* What you should do
Reproduce the listing below from the line with "L'Estartit (Gerona, Spagna)" to the line with "Warnung Falschparker Parkscheibe: Jetzt", both lines included, character for character, minus any pictures.

* Given information
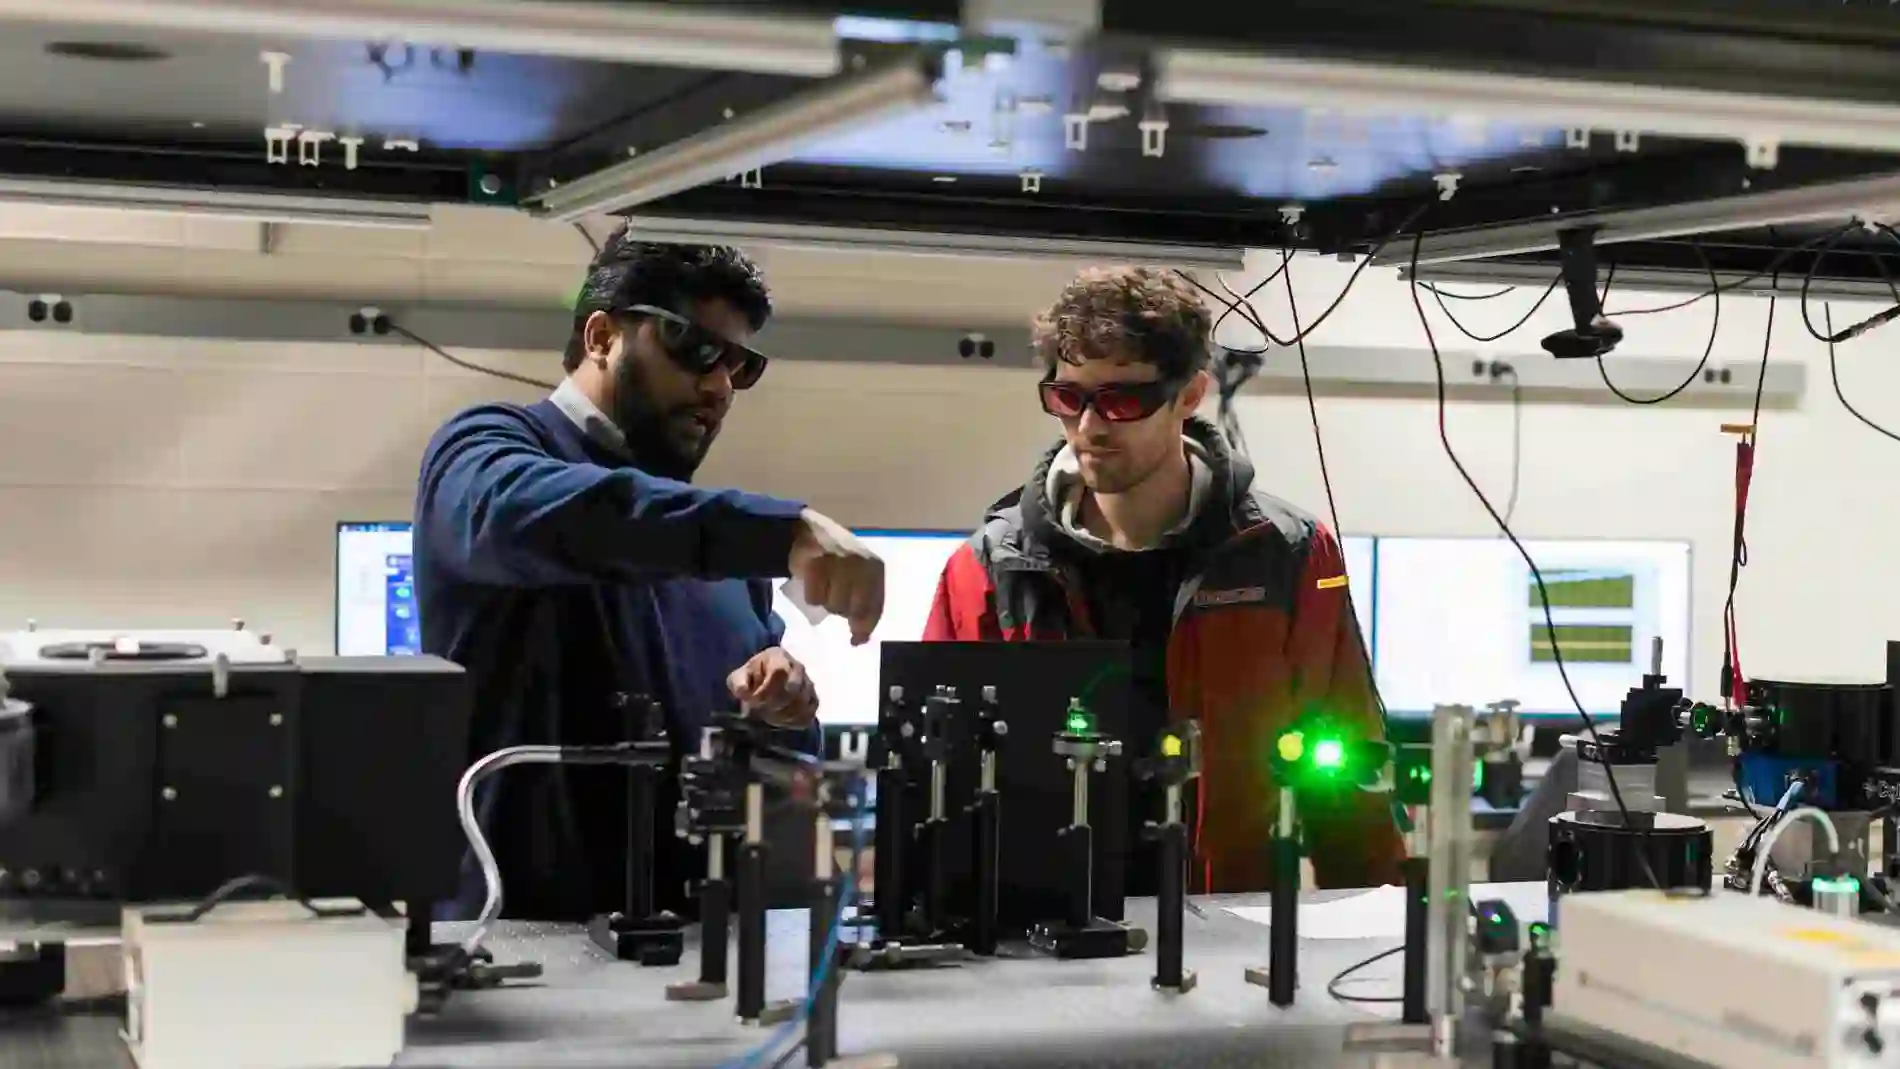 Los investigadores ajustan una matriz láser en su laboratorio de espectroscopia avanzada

--

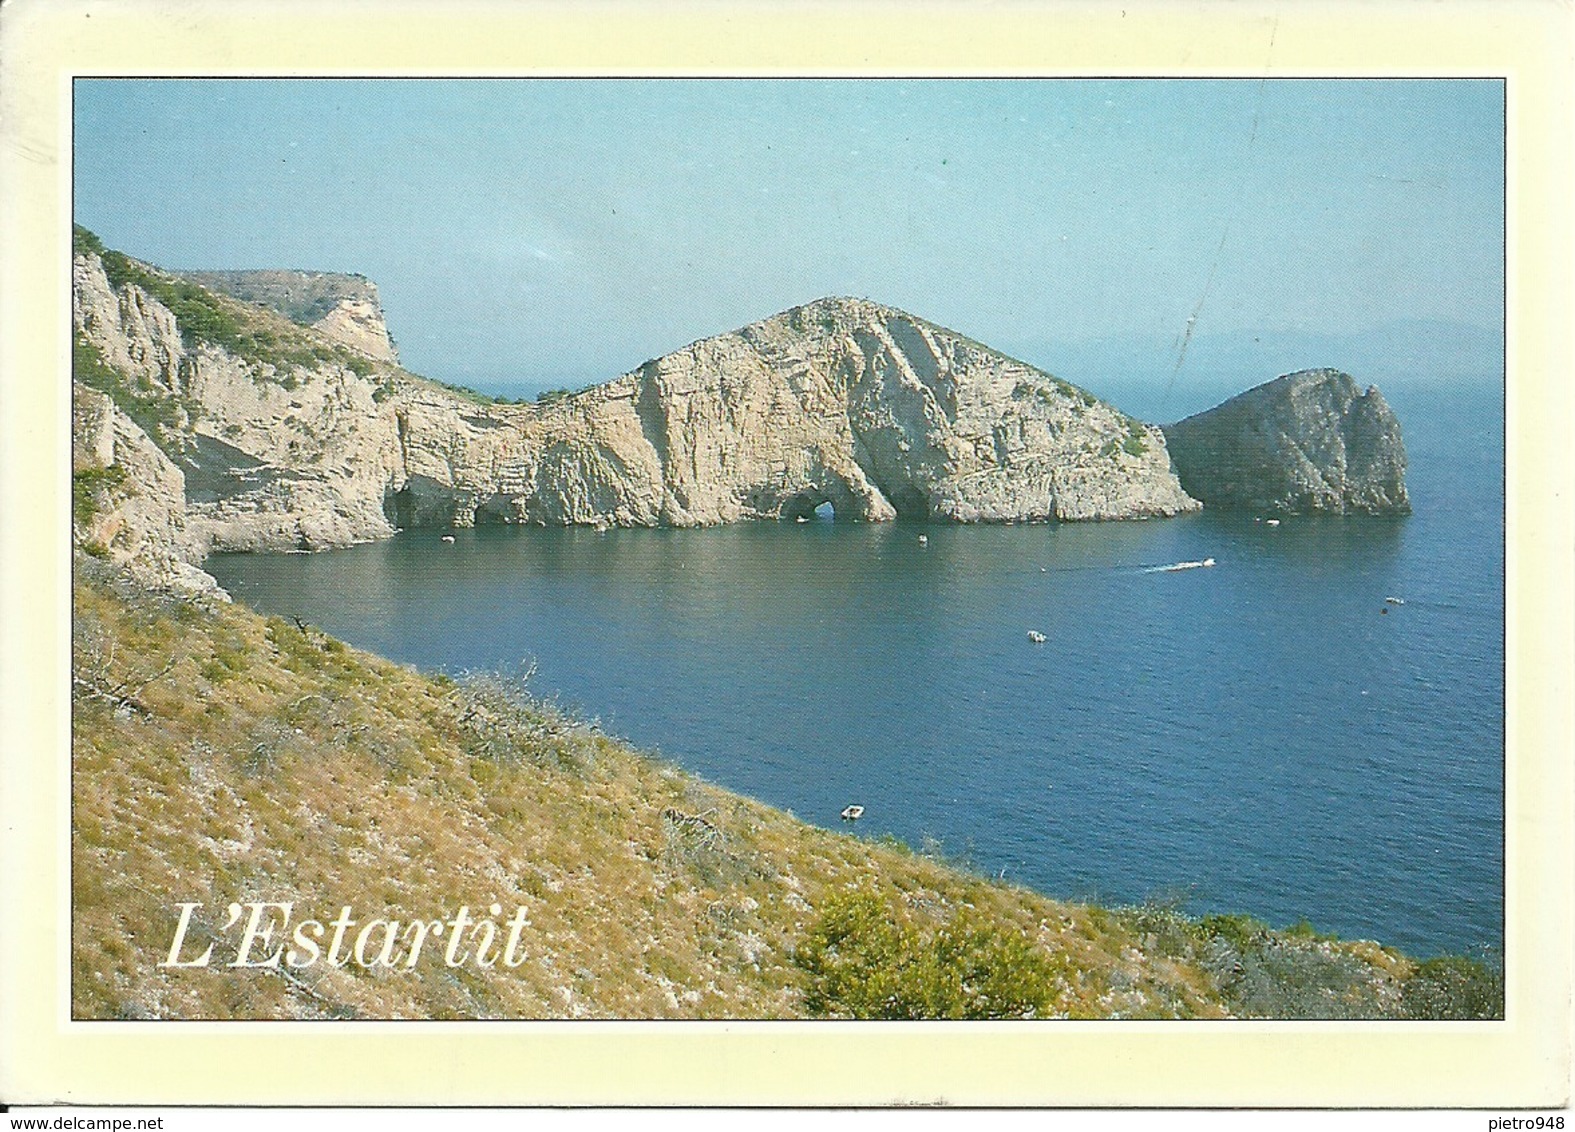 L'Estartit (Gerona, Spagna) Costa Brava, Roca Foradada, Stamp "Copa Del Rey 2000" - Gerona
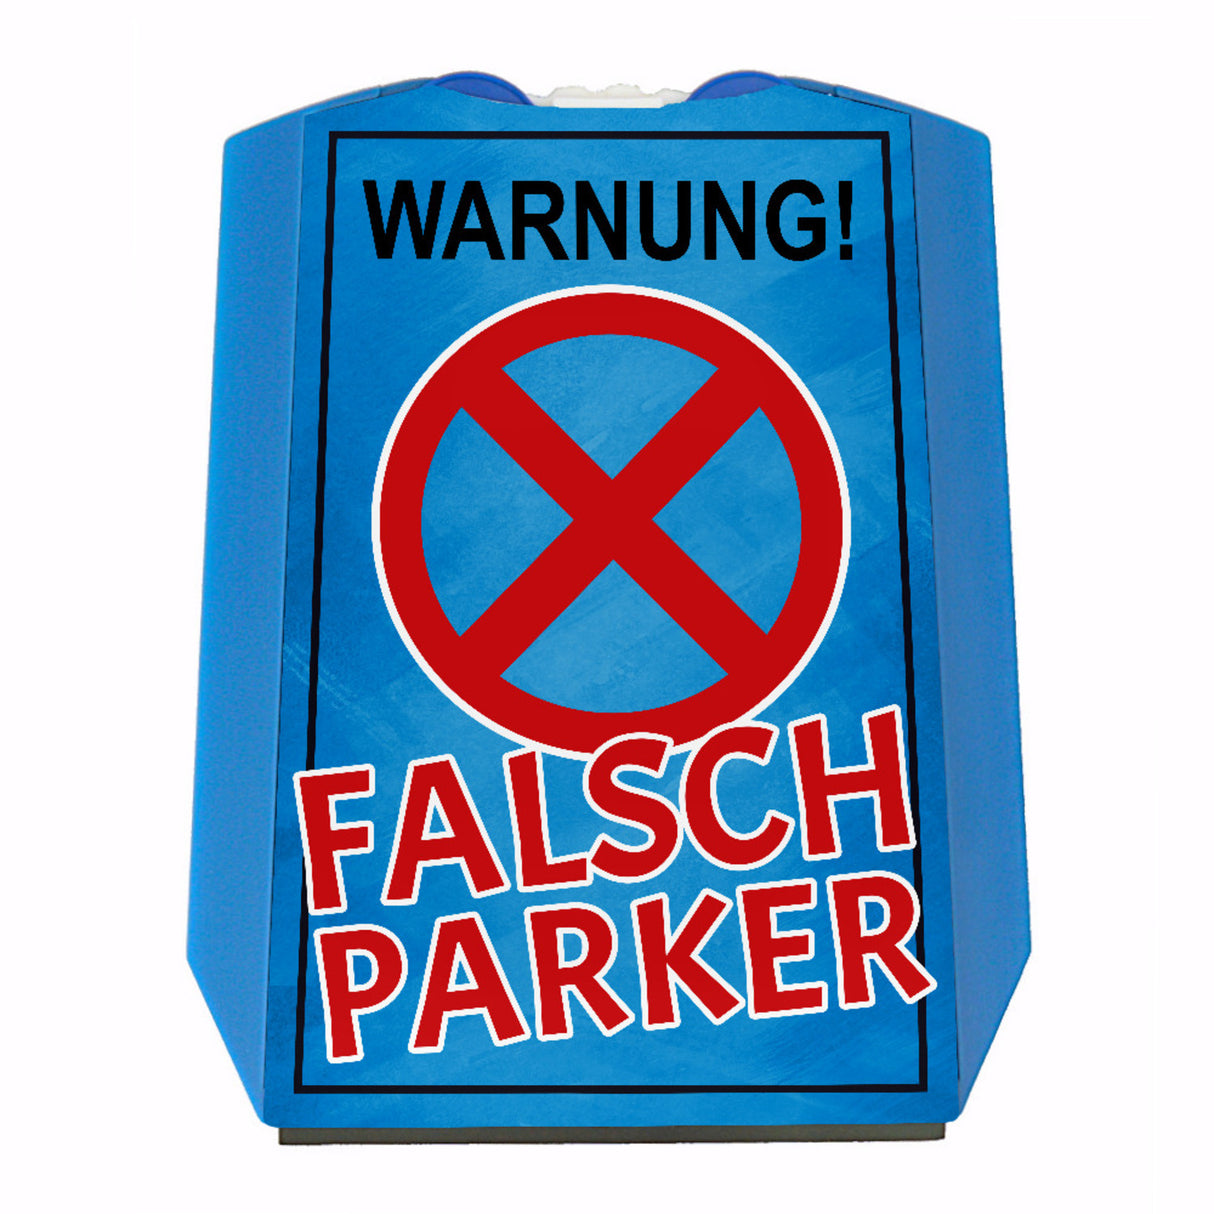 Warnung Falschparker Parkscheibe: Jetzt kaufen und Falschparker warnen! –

* Result of this task
 L'Estartit (Gerona, Spagna) Costa Brava, Roca Foradada, Stamp "Copa Del Rey 2000" - Gerona
 Warnung Falschparker Parkscheibe: Jetzt kaufen und Falschparker warnen! –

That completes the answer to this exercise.